I have a dataset that looks like this. For respondents who only picked one favorite fruit, I need to have variable returned that is a factor which is that respondent's favorite fruit. If a respondent picked more than one favorite fruit, their value should be NA
.
fav_apple<-sample(c(NA,1), size=100, replace=T, prob=c(0.9,0.1))
fav_orange<-sample(c(NA,1), size=100, replace=T, prob=c(0.9,0.1))
fav_banana<-sample(c(NA,1), size=100, replace=T, prob=c(0.9,0.1))

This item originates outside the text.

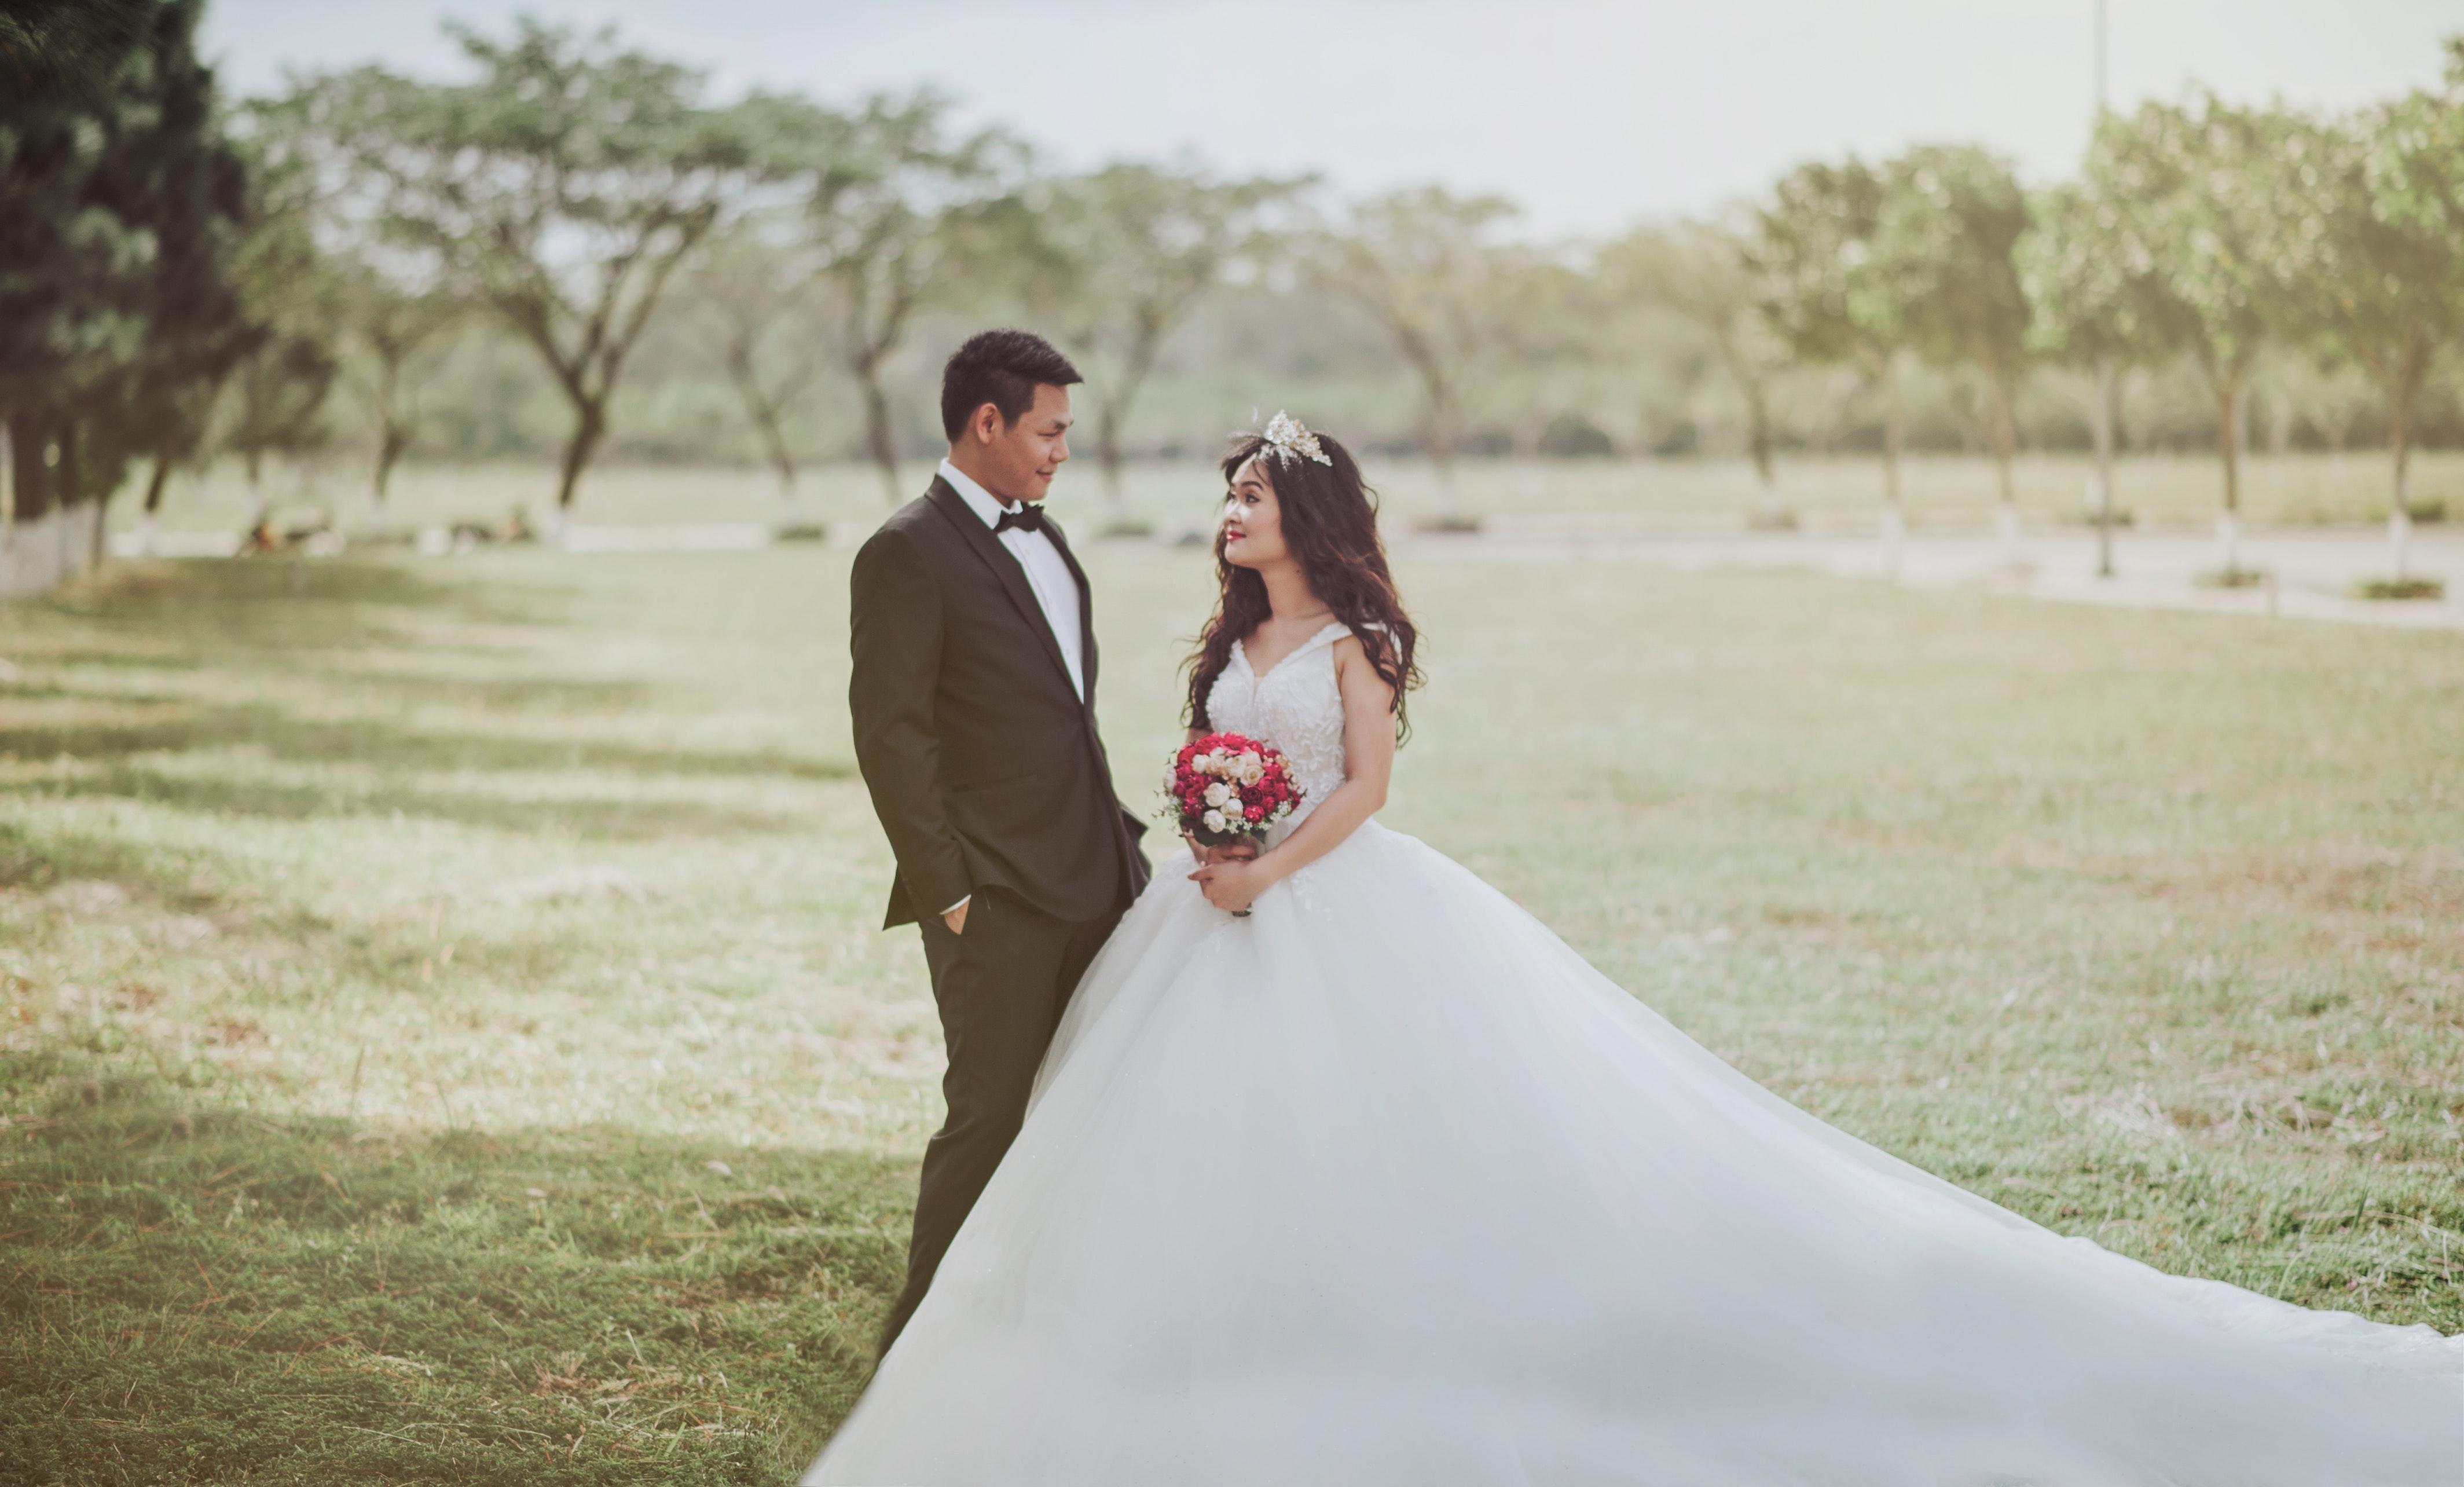 Free photo: Woman Wearing Wedding Dress Standing Beside a Man ...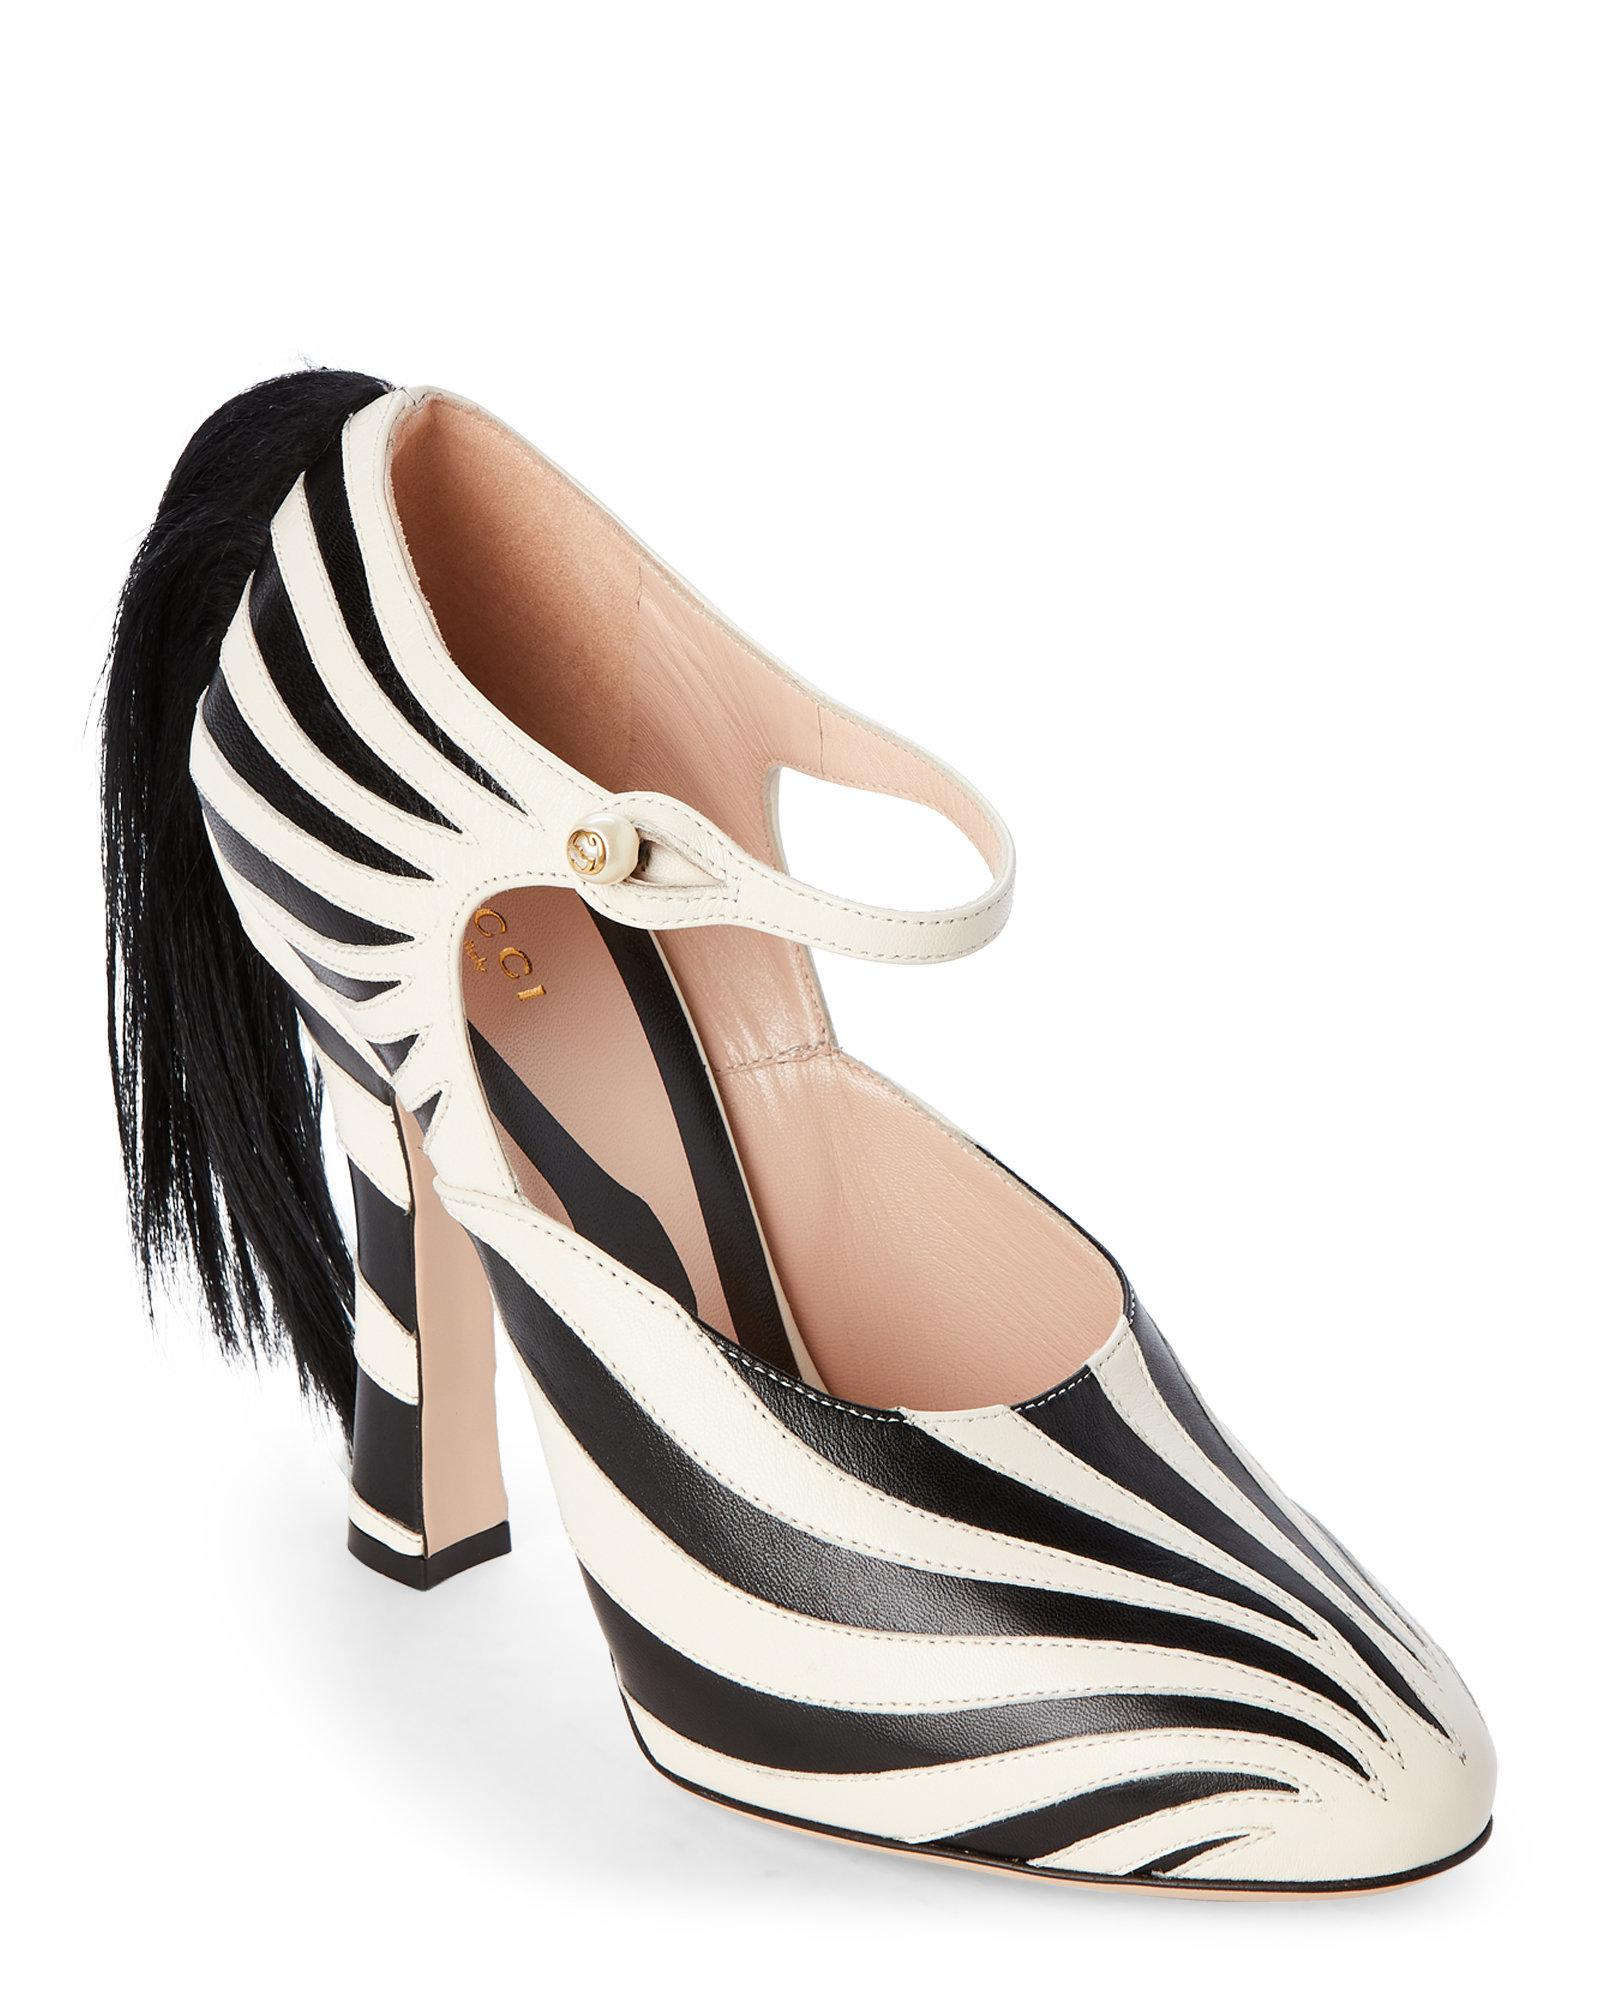 1d19f4395 Gucci Black & White Lesley Zebra Real Fur Mary Jane Pumps in Black ...

df<-data.frame(fav_apple, fav_orange, fav_banana)
df$id<-seq(1,nrow(df))
I tried tackling this with pivot_longer
and then repivotting, but I end up with duplicate rows.
Using ifelse
on the rowSums
. Since favorites is a numeric matrix apply
can be used efficiently on as.matrix(df[,1:3])
colnms <- colnames(df[,1:3])
cbind(df,
favorite = as.factor(unlist(
ifelse(rowSums(df[,1:3], na.rm=T) == 1,
apply(as.matrix(df[,1:3]), 1, \(x) colnms[which(!is.na(x))]),
NA))))
fav_apple fav_orange fav_banana id favorite
1 NA NA NA 1 <NA>
2 NA NA NA 2 <NA>
3 NA 1 NA 3 fav_orange
4 NA NA NA 4 <NA>
5 1 1 1 5 <NA>
6 NA NA NA 6 <NA>
7 NA NA NA 7 <NA>
8 NA NA NA 8 <NA>
9 NA NA NA 9 <NA>
10 NA NA NA 10 <NA>
11 NA NA NA 11 <NA>
12 NA NA NA 12 <NA>
13 NA NA NA 13 <NA>
14 NA NA NA 14 <NA>
15 NA NA 1 15 fav_banana
...